Le modèle «J» d'Aoki ressemble étrangement au modèle «organique»


décrit il y a plus de trente ans par Burns (1962) dans ces termes : «Les
postes de travail n'impliquent plus de méthodes, de responsabilités, de
pouvoirs strictement définis ; il devient impossible de tracer des lignes de
démarcation durables et précises entre les fonctions. Les responsabilités et
même les pouvoirs de chacun doivent être sans cesse redéfinis en tenant
compte de ceux des autres individus qui participent aux tâches communes
ou à la solution de problèmes communs. Les tâches individuelles doivent
être accomplies en considération de la situation de l'entreprise conçue
comme un tout. Les interactions se développent aussi bien verticalement
que latéralement et les communications entre les personnes de rangs
différents tendent à prendre la forme de consultations "latérales" plutôt que
d'exercice vertical de l'autorité». «Pour l'individu», la différence entre
le modèle mécanique et le modèle organique «affecte surtout le lien qui
le rattache à l'organisation productrice (...). Un système organique laisse
dans le vague la délimitation de ce que l'on peut demander à l'individu;
il accorde la plus grande importance à ce que celui-ci se sente pleinement
impliqué dans l'accomplissement de toute tâche qui apparaît à son horizon,
pleinement engagé, non seulement dans l'exercice d'une compétence
spécialisée mais dans le succès global de l'entreprise». Burns toutefois ne
dépasse pas cette description qui demeure très prescriptive et normative.

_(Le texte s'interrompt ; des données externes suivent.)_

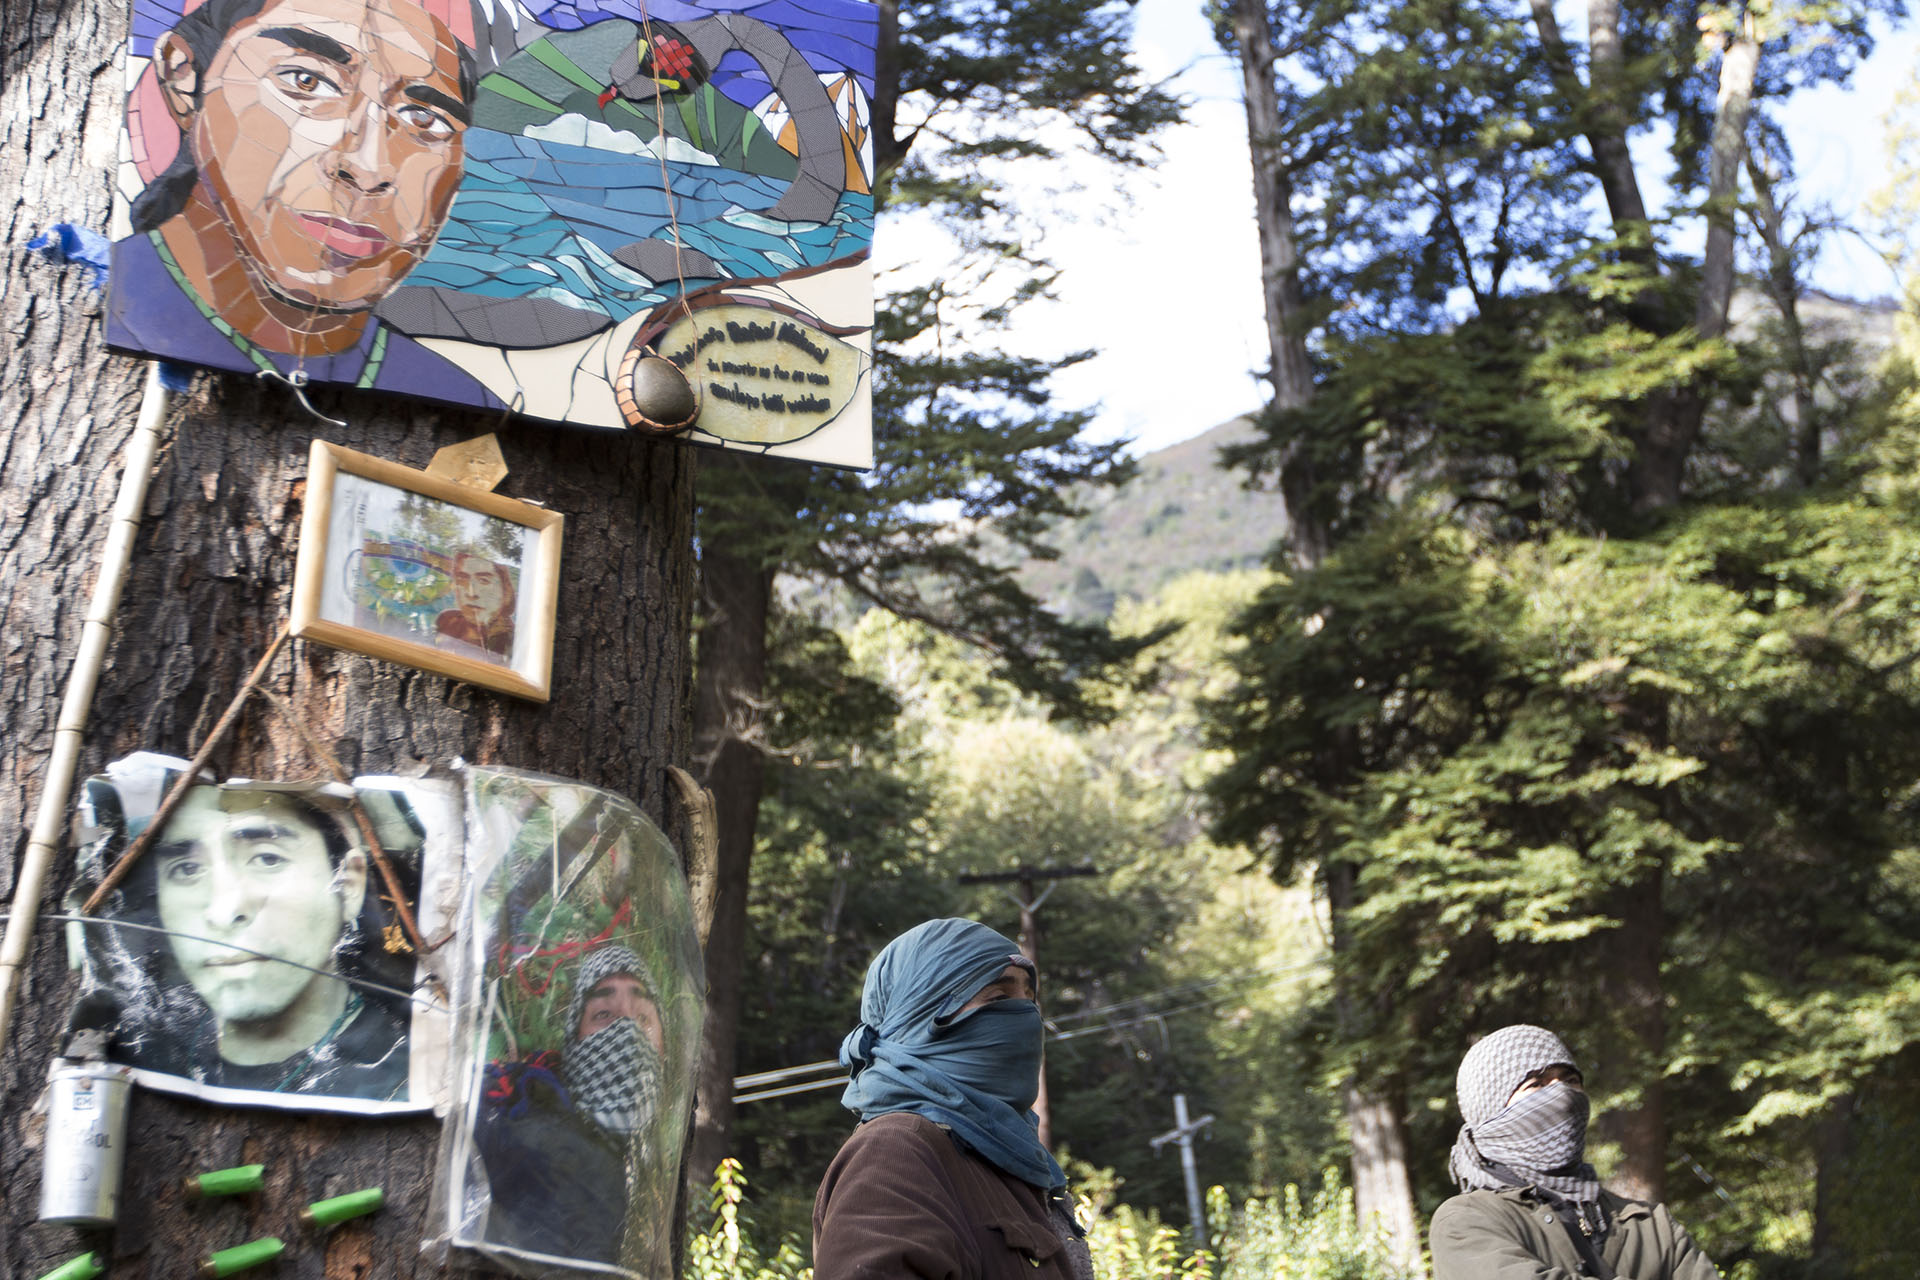 La comunidad mapuche Lafken Winkul Mapu. En el predio hay pancartas y afiches de Rafael Nahuel
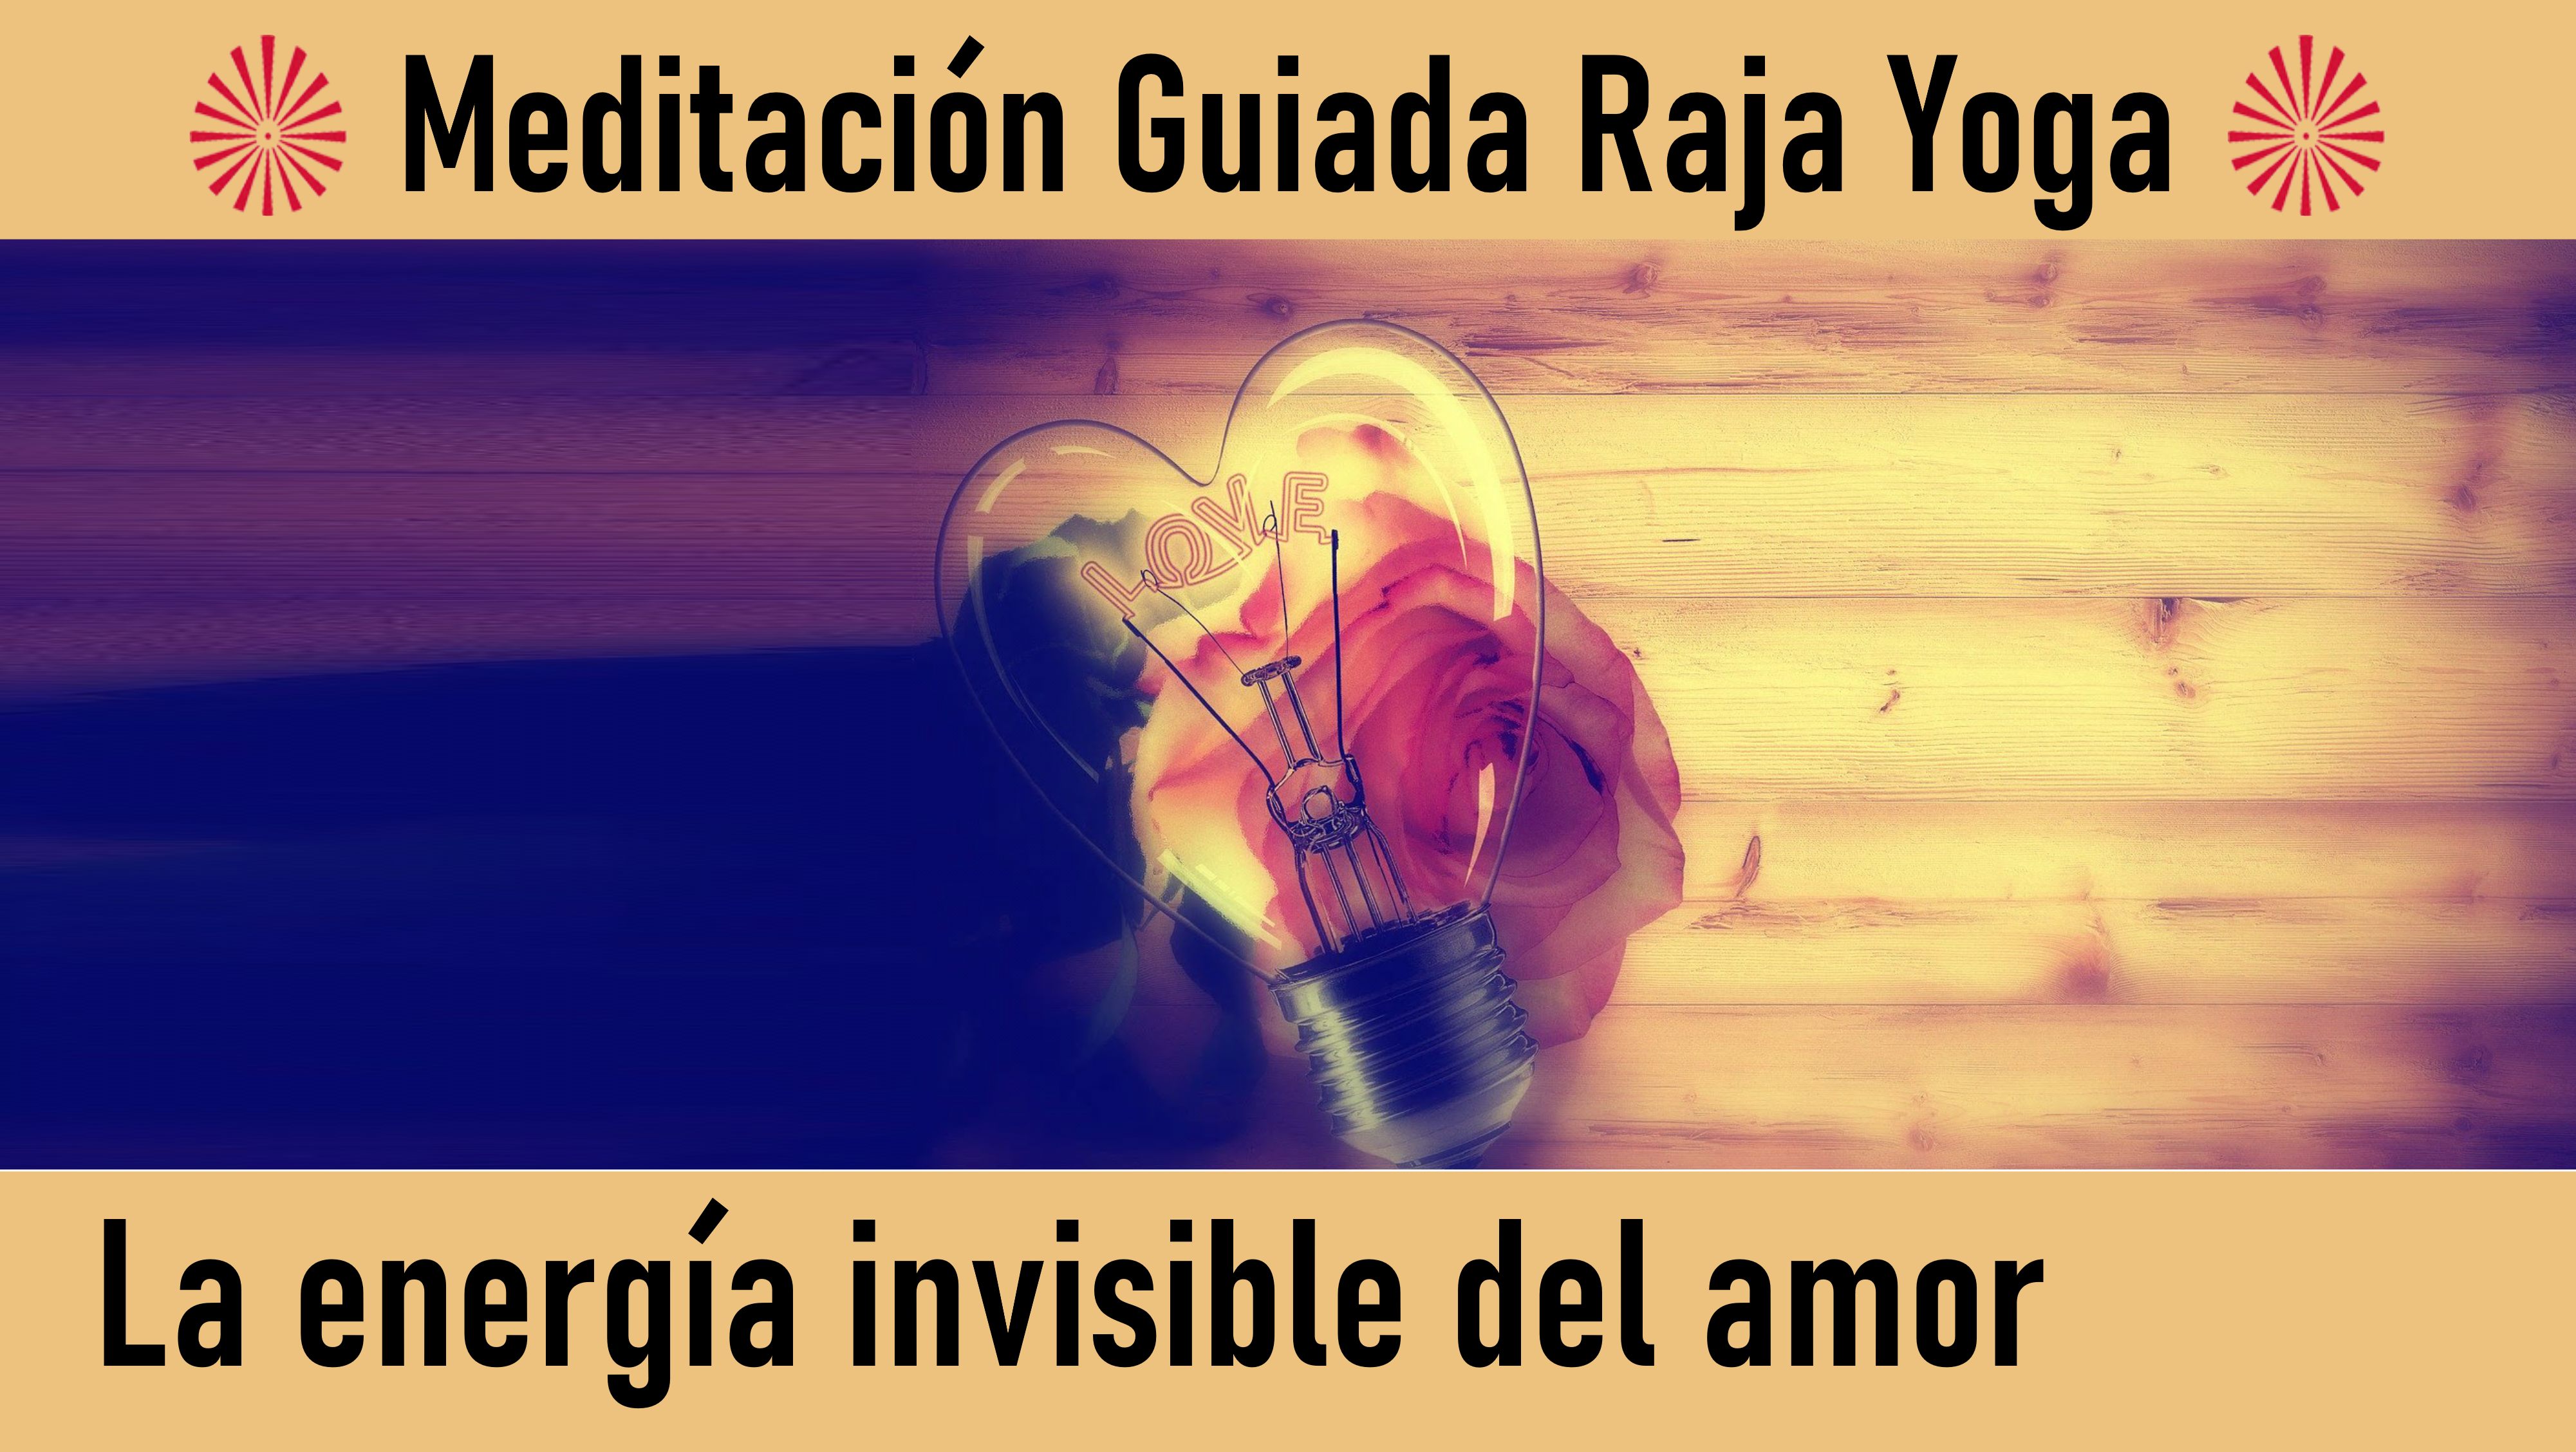 Meditación Raja Yoga: La energía invisible del amor (20 Julio 2020) On-line desde Madrid

Il ne dit pas comment on obtient que ce système fonctionne conformément
à la description qui en est faite, ce que réalise Aoki, et c'est là que réside
sa contribution majeure.
La théorisation du modèle hiérarchique ou mécanique a donné lieu à
une littérature pléthorique. Celle qui tente non pas une simple description
mais une véritable théorisation du modèle coopératif est infiniment moins
abondante. On trouve des traces de cette théorisation chez certains
socialistes «utopiques»; mais la référence essentielle dans ce domaine reste
C. Barnard (1938), même si les prémisses de sa théorie présentant les
organisations comme ayant toutes des objectifs moraux (puisque la
coopération des individus tend à y atteindre des buts communs) font aujourd'hui
sourire. Cependant, on trouve également chez Barnard l'intuition forte que
la coopération dans l'entreprise n'est pas le fruit spontané d'un quelconque
lien communautaire : elle repose surtout sur des mécanismes incitatifs dont
la responsabilité de mise en œuvre incombe au chef d'entreprise et qui
peuvent aller jusqu'à l'endoctrinement pur et simple (3).

(3) « The most inherent difficulty in the level with general purposes. » (Barnard, éd.
operation of the cooperative system is the ne- 1968, p. 233)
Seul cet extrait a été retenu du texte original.